If any of these languages would have adopted the older alphabet that was the source of the Ugaritic alphabet, instead of adopting the simplified Phoenician alphabet, they would have had distinct letters for their consonants since the beginning, with no need to invent later new diacritic signs.
Hebrew SIN was a lateral fricative, which is a sound that did not exist in Phoenician. When the Hebrews have adopted the Phoenician alphabet, they did not have any letter for writing SIN, so they were forced to write it with the letter SHIN, which was somewhat close in pronunciation. At that time SAMEKH was pronounced in a different way, so it would have been a worse choice.
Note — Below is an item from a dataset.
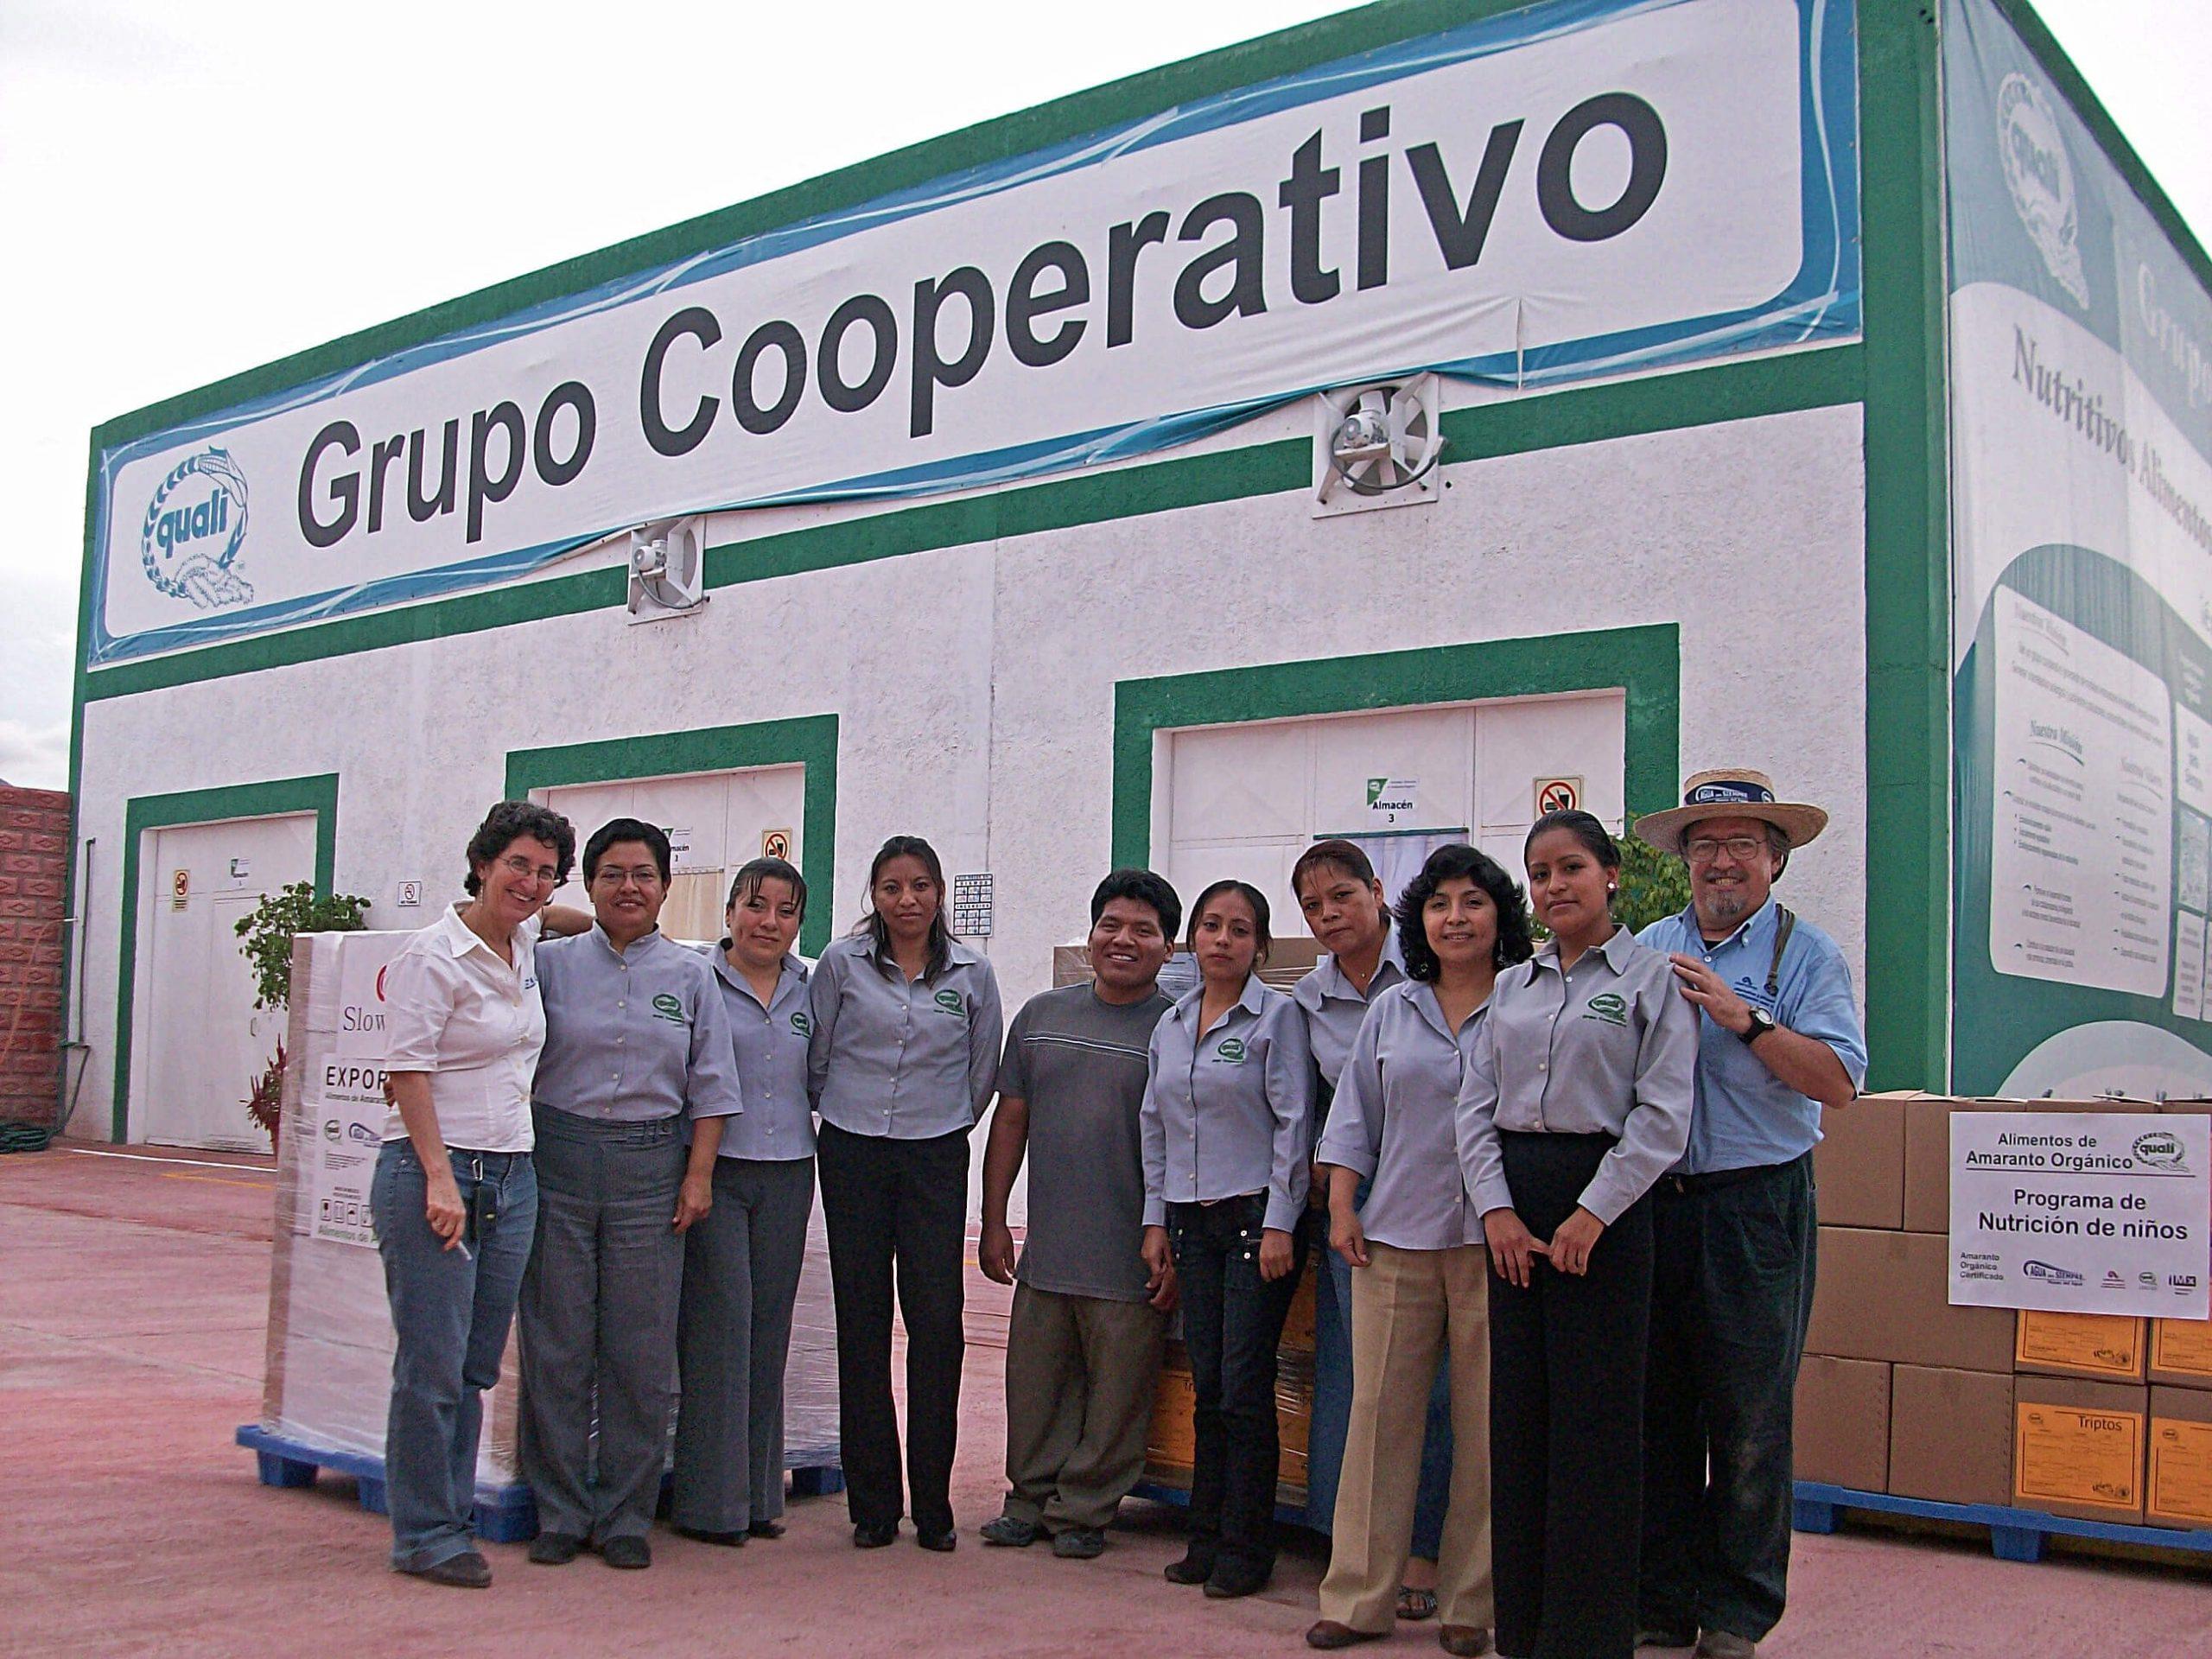 Frente a la agroindustria de Quali el equipo de ejecutivas de venta de Quali, despachando pedidos para exportación y para la nutrición infantil en la región. Foto: Grupo Cooperativo Quali

If the Hebrews would have invented an alphabet of their own, or if they would have adopted another Semitic alphabet variant, and not the Phoenician alphabet, they would not have needed to use a single letter for multiple sounds. This was clearly not a satisfactory solution, because later they have invented the SHIN and SIN dots, to disambiguate the letter with multiple readings.
Given that neither of them “came first” in the topic of inventing the alphabet, what does it matter if Hebrew or Phoenician preceded each other?
An authoritative source on this Inventing the Alphabet by Johnanna Drucker. She covers not only the modern evidence but also attempts to classify alphabets throughout history, with particular focus on the Middle Ages. The first half is a bit dry -- how much do we really care what various scholars in the 16th Century made up about the history of the alphabet? -- (a lot was made up), but the second half looks at the modern archaeological contribution to the study of alphabetic origins and is very interesting.
There are also lots of scans of really interesting Medieval manuscripts cataloging alphabets in the book.
Thanks!
https://press.uchicago.edu/ucp/books/book/chicago/I/bo141943...
From the book's "Chapter 7. Modern Archaeology -- Putting the Evidence of the Alphabet in Place"
"We can now describe the origin of the alphabet chronologically and geographically with some degree of reliability. The basic outlines are these: The alphabet was formed in the context of cultural exchanges between Semitic-speaking people from the Levant and communities in Egypt after or around 1800 BCE. The earliest evidence is dated to Wadi el- Hol, a site in Egypt just west of the Nile, north of Luxor. Later inscriptions in the Sinai and throughout the Fertile Crescent show the gradual distribution and evolution of alphabetic writing, with most evidence dating from the fourteenth century BCE and after."
Regarding "how much do we really care what various scholars in the 16th Century made up about the history of the alphabet?" we should, if we're interested in knowing the context in which various claims, which pop up even today, appeared for the first time. The context often explains the motivation which resulted in specific "made up" narrations, some still (often unfortunately) influencing our lives.